Monday, August 29, 2011

Plenty of Obstacles to Overcome

 

I have a lot of obstacles to overcome if I’m going to become free of Mr.B.

Money, of course, is a big obstacle. I need to make some money.

I need to finish my degree in order to get a job that I could actually support myself with. A minimum wage job isn’t going to cut it. I’m taking some classes towards my degree this semester (Fall 2011) so hopefully I’ll do well. I’m a little nervous about classes starting up. One of the classes (an elective) is a career preparation class that it supposed to teach you all about resume’ writing and interviewing skills. It sounded like it may be a beneficial class given my current situation. Classes start on Tuesday.

I need to learn how to drive. I know it’s crazy, but I’ve always had a terrible phobia of driving. I’ve had a learners permit for over 20 years (although I recently let it lapse). I just can’t muster up the nerve to learn. I’ve got to just buck up and try, but I’m such a coward. It’s hard to always have to depend on someone else for a ride. I’ve got to renew my permit at the DMV and sign up for driving lessons.
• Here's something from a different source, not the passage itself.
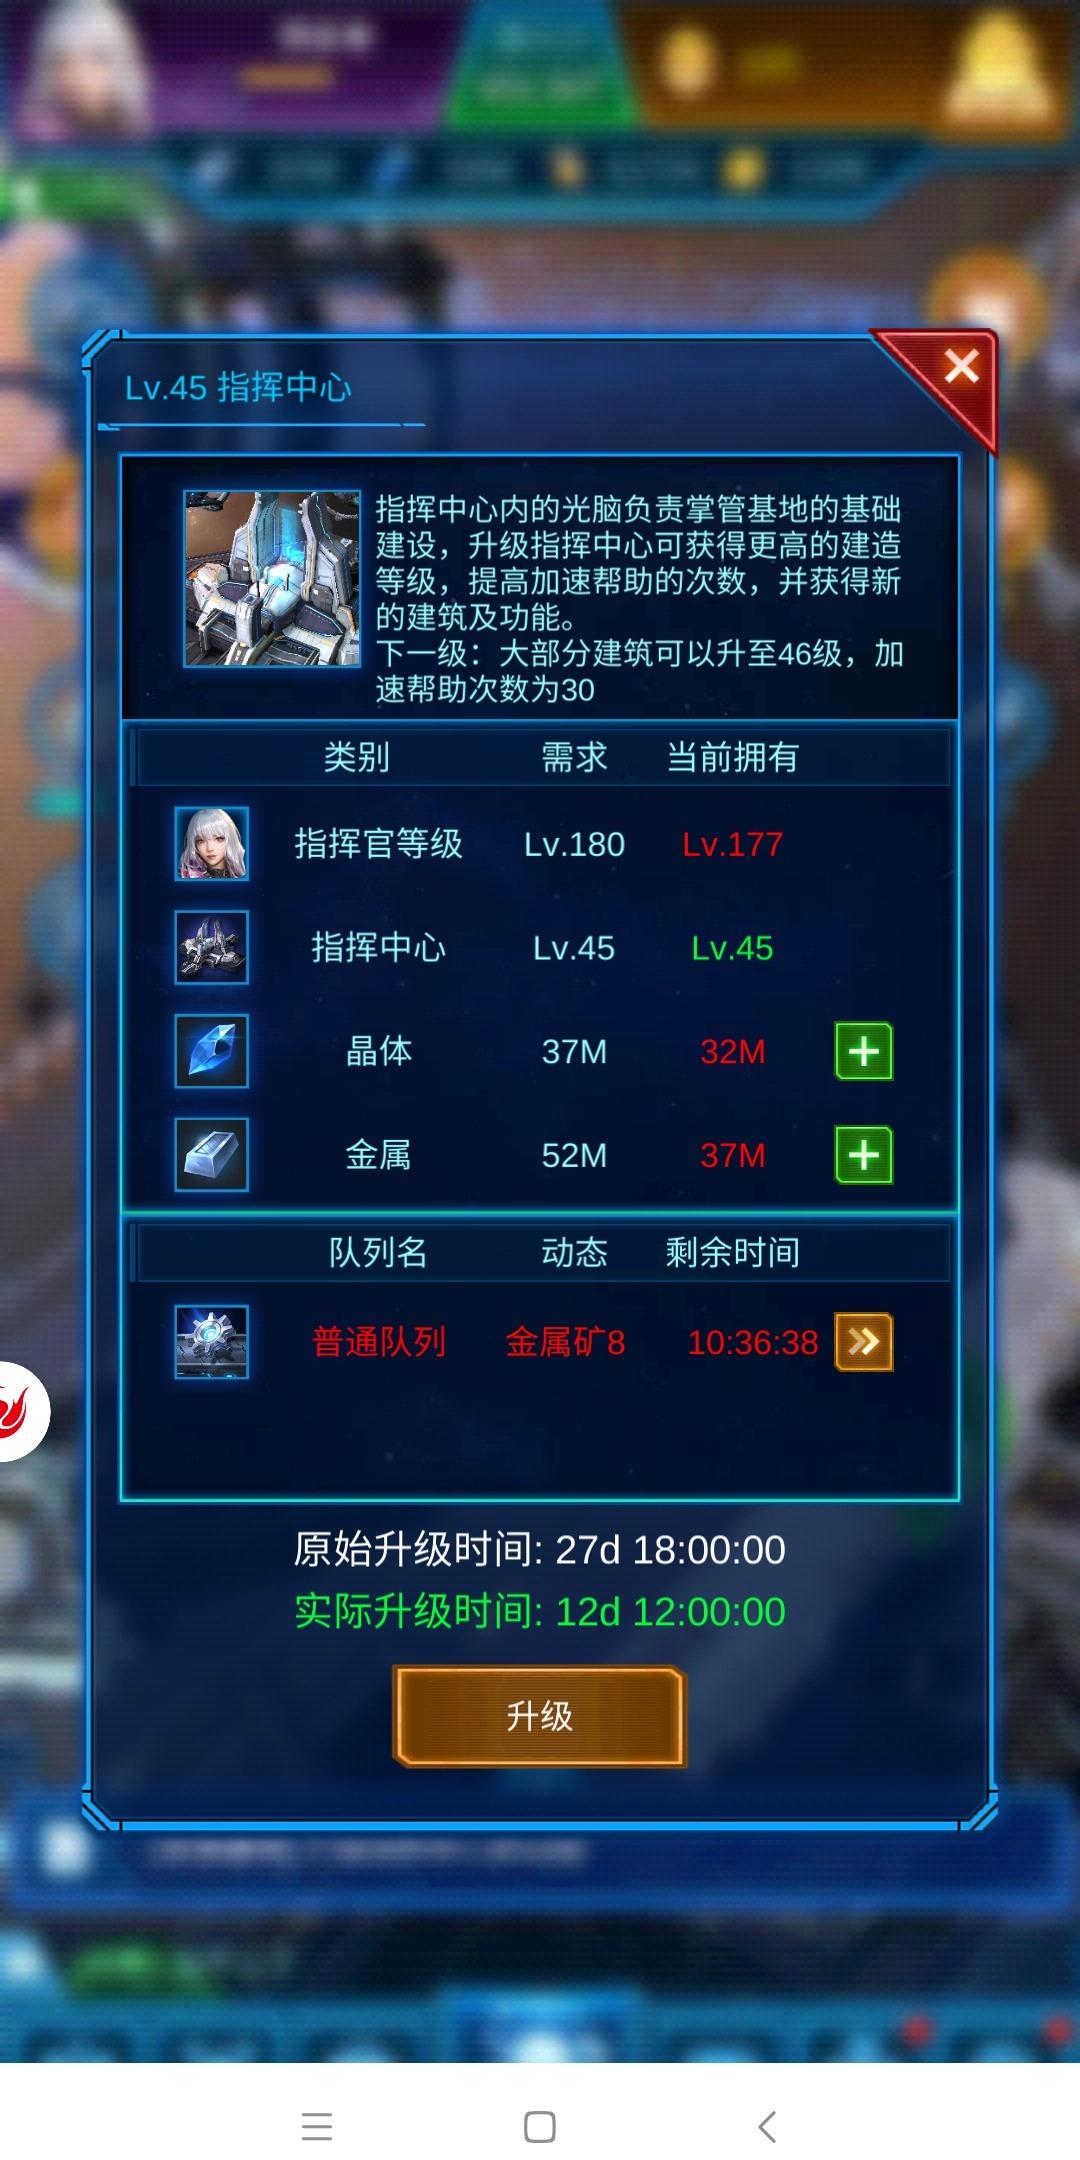 Screenshot_2020-04-15-05-54-16-558_com.jedigames.p16s.luobo.jpg
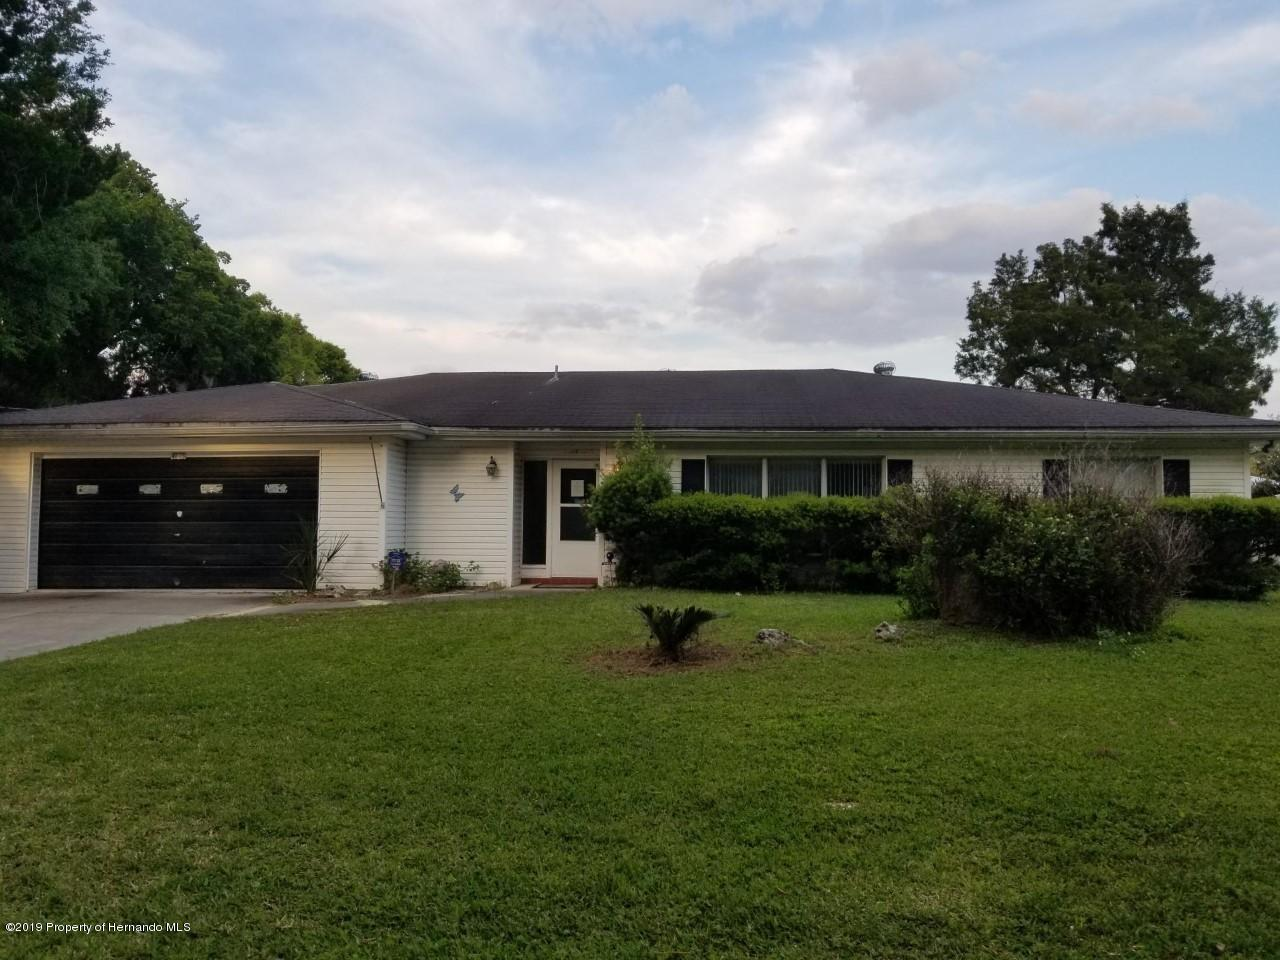 4105 S Taylor Terrace, Homosassa, Florida 34448, 3 Bedrooms Bedrooms, ,2 BathroomsBathrooms,Residential,For Sale,S Taylor,2200579

I need to lose some weight. I’ve put on a lot of weight in the past few years due to depression and the medications that I take. I think the main problem is my sluggishness. I need to exercise. I’m going to have to work on a diet and exercise plan. I can start small with exercise and gradually work my way up to a real workout. I’m really out of shape. The other day I attempted to ride my bicycle and I was gasping for air by the time I was halfway down the street. It scares me that I’ve let my health go like this.

Speaking of my health, it’s not good. My blood pressure is sky high. I’m on 3 different medications for blood pressure and it’s still 160/120. I have agoraphobia, panic disorder, depression and anxiety. I wonder if I’m actually depressed or if a lot of the symptoms aren’t related to my situation. I need to get healthy fast or I may have a stroke. I also have some sort of mysterious (and disfiguring) skin disease that no one can identify.

Depression can really take away your energy. I used to be creative. I used to love to do things. Now I just want to do is lay around and cry all day. I wish I could have that back. Most days, I don’t get dressed or even comb my hair. I don’t even have the energy for that. I just need to find a reason to get out of bed in the morning.

My self-esteem isn’t good. Twenty years of verbal and emotional abuse can really take a toll on a person’s self-esteem. I’ve felt so unworthy for years. I’m scared that people will laugh at me. I feel like everything I say is stupid and undeserving of an answer. When I leave the house, I feel like people are pointing at me and calling me ugly and fat. I get extremely panicky when I have to go anywhere.

Possessions-Like most people, I have tons of clutter. I have leftover merchandise from a closed business. I have lots of clothing that is old, ragged and too small. I don’t know why I save it. I think I need to sell the prime stuff and add the money to my freedom fund. And throw away or donate the rest of it. I’ve heard that people feel better when they eliminate many of their possessions. Even if I don’t feel better, the house will be neater. And I’ll have fewer things to bring with if I find a way to get away from Mr. B.

I guess I’ve got a lot of things to work on and overcome in the coming months. I thought blogging about my situation may be helpful and motivating. I’ve been inspired by Julie Powell of The Julie/Julia Project. I recently watched the movie and blogging seems like it would really be therapeutic. It sort of feels a bit like talking to an invisible friend. Julie Powell described it as a “regimen.” I think I’m in desperate need of a regimen. She set a deadline for herself. I think I’m going to have to set one for myself too. A year sounds reasonable. Can I accomplish all of the above goals and start a new life for myself in a year’s time?

By the way, Mr. B came home at midnight –the witching hour! My heart sank when I saw that big black (hated) Nissan Titan pull into the driveway. I guess my vacation from Mr. B is officially over. It was nice while it lasted.